This allows the automatic segmentation of images of different
characteristics without the need for the user interactively to set
the segmentation parameters. Conveniently the minimum contrast
value is defined with respect to the contrast in the image, for
instance a statistical analysis or measure of the local contrast in
the image, e.g. based on an average value and standard deviation of
the local contrast values.
[0011] The two aspects of the invention may be combined together
and they are particularly useful for processing medical x-ray
images, particularly digitised mammograms.
[0012] The invention also extends to a computer program comprising
program code means for executing the image processing method on a
suitably programmed computer system, to a computer readable storage
medium carrying the computer program, and to an image processing
apparatus for executing the image processing method.
[0013] The invention will be further described by way of example
with reference to the accompanying drawings in which:--
[0014] FIGS. 1A to D illustrate mammograms including
microcalcifications;
[0015] FIGS. 2A and B illustrate respectively a mammogram and its
Standard Mammogram Format;
[0016] FIGS. 3A and B illustrate a mammogram and its Standard
Mammogram Format;
[0017] FIG. 4 is a flow diagram illustrating image processing
according to one embodiment of the present invention;
[0018] FIG. 5A shows an example of a mammogram containing a large
calcification and several artifacts and
[0019] FIG. 5B illustrates the result of diffusing the image of
FIG. 5A;
[0020] FIG. 6A illustrates an SMF image containing a
microcalcification,
[0021] FIG. 6B the diffused conversion of image A,
[0022] FIG. 6C a 3-D plot of the SMF image of FIG. 6A, and
[0023] FIG. 6D the surface of the diffused image in FIG. 6B;
[0024] FIGS. 7A through D illustrate the removal of artifact from a
mammogram, namely successively: FIG. 7A illustrates the original
image, FIG. 7B a map of the shot-noise, FIG. 7C a map of
curvilinear structures in the image and FIG. 7D the image after
shot-noise and curvilinear structure removal;
[0025] FIG. 8 illustrates an original image and diffused versions
of the image with different parameters;
[0026] FIG. 9 illustrates an original mammogram and its surface
plot together with diffused versions of the mammogram and surface
plot;
[0027] FIGS. 10A and B illustrate original images with
calcifications,
[0028] FIGS. 10C and D illustrate gradient maps for the images of
FIGS. 10A and B and
[0029] FIGS. 10E and F illustrate diffused versions of the images
of FIGS. 10A and B;
[0030] FIGS. 11A through J illustrate original SMF images alongside
corresponding processed images in which the microcalcifications
have been detected and marked in accordance with an embodiment of
this invention.
[0031] FIG. 4 is a flow diagram of image processing in accordance
with one embodiment of the invention.
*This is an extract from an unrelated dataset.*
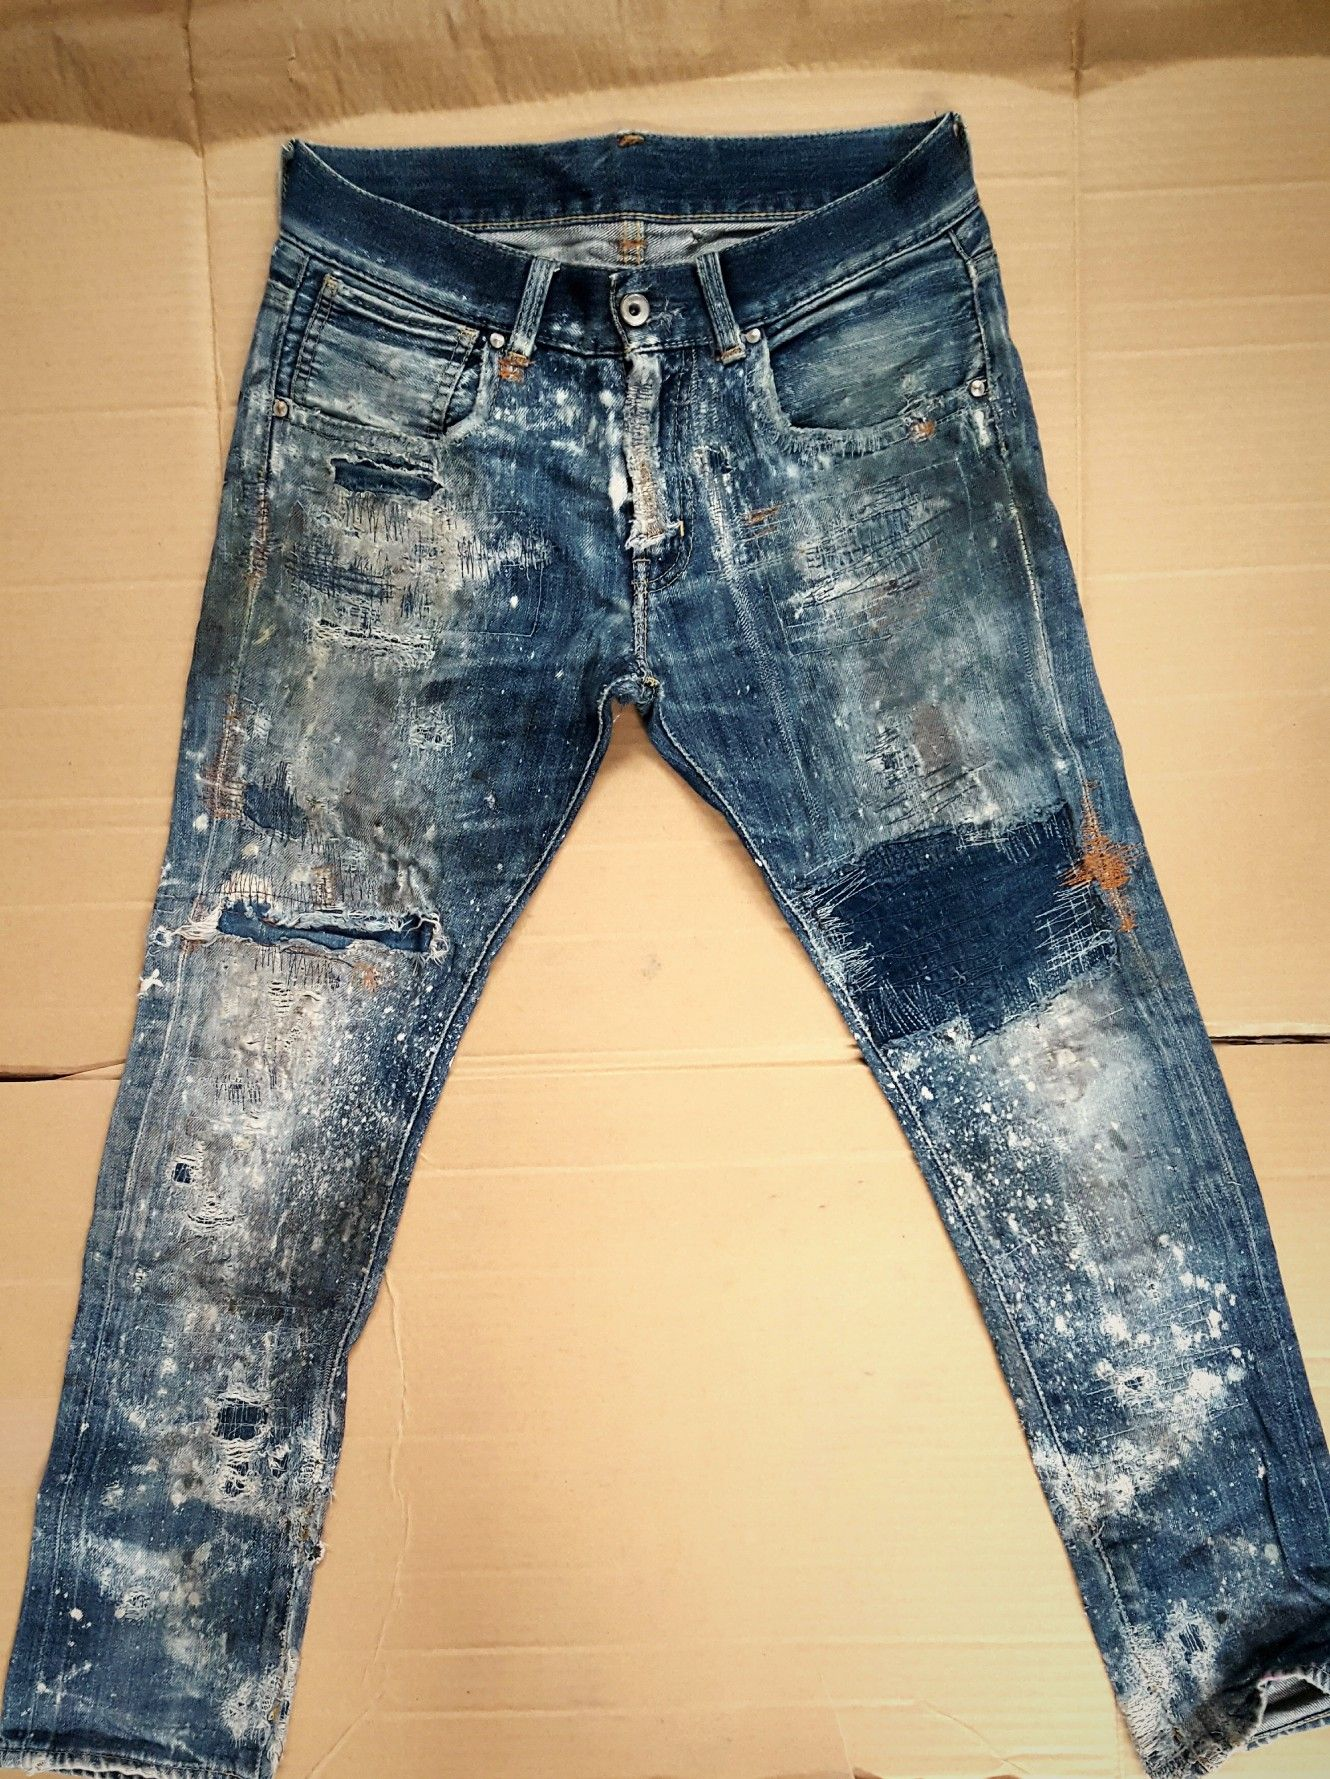 BYWX-Men Workwear Ripped Hole Jeans Destroy Slim Fit Short

In is embodiment the
processing according to the invention is preceded by processing
which has previously been proposed to enhance the image.
[0032] The grey-level original image 1 is first blurred using a
Wiener filter. This de-noises the image to an extent by removing
radiographic mottle, which is a source of false positives in
detecting microcalcifications. The Wiener filter is adapted to the
characteristics of radiographic noise in the original image. This
technique is explained in Yam, M. Brady, J. M. Highnam, R. P.
English R.: Denoising h.sub.int Surfaces: a Physics-based Approach,
in Medical Image Computing and Computer-Assisted Intervention 1999,
Springer-Verlag, Berlin Heidelberg New York (1999) 227-234,
incorporated herein by reference.
[0033] The next step is the generation of the Standard Mammogram
Format (SMF) 5 using the technique described in WO-A-00/52641.
[0034] This may be further processed by the glare removal technique
disclosed in WO-A-00/52641 to produce the blurred, no glare, SMF
7.
[0035] A major source of errors in detecting microcalcifications is
film-screen shot noise, which appears primarily from small pieces
of dust on the intensifying screen and has visual properties which
are similar to those of microcalcifications. However, because shot
noise is caused, for example, by dust on the screen rather than by
structures within the breast, it is characterised by the absence of
blur. Therefore such shot noise may be detected by the absence of
blur, and then removed from the image. This technique is described
in Highnam, R. P. Brady, J. M. English, R.: Detecting Film-Screen
Artifacts in Mammography using a Model-Based Approach, in IEEE
Transactions in Medical Imaging, Vol. 18 (1999) 1016-1024 which is
herein incorporated by reference. Further, curvilinear structures
in the breast have similar visual properties to microcalcifications
when viewed in a noisy image. It is advantageous, therefore, to use
one of the available techniques for the removal of curvilinear
structures, for example based on phase congruency as disclosed in
Yates, K. Evans, C. J. Brady, J. M.: Improving the Brake's
Mammographic Mass Detection Algorithm Using Phase Congruency, in
Proceedings of Digital Image Computing: Techniques and
Applications, Melbourne (2002), which is herein incorporated by
reference.
[0036] This results in an enhanced SMF 9. FIG. 7 illustrates this
artifact removal process. FIG. 7A illustrates the original image
and FIG. 7B the shot-noise map (white dots are noise). FIG. 7C
illustrates the curvilinear structure map, and FIG. 7D the "clean"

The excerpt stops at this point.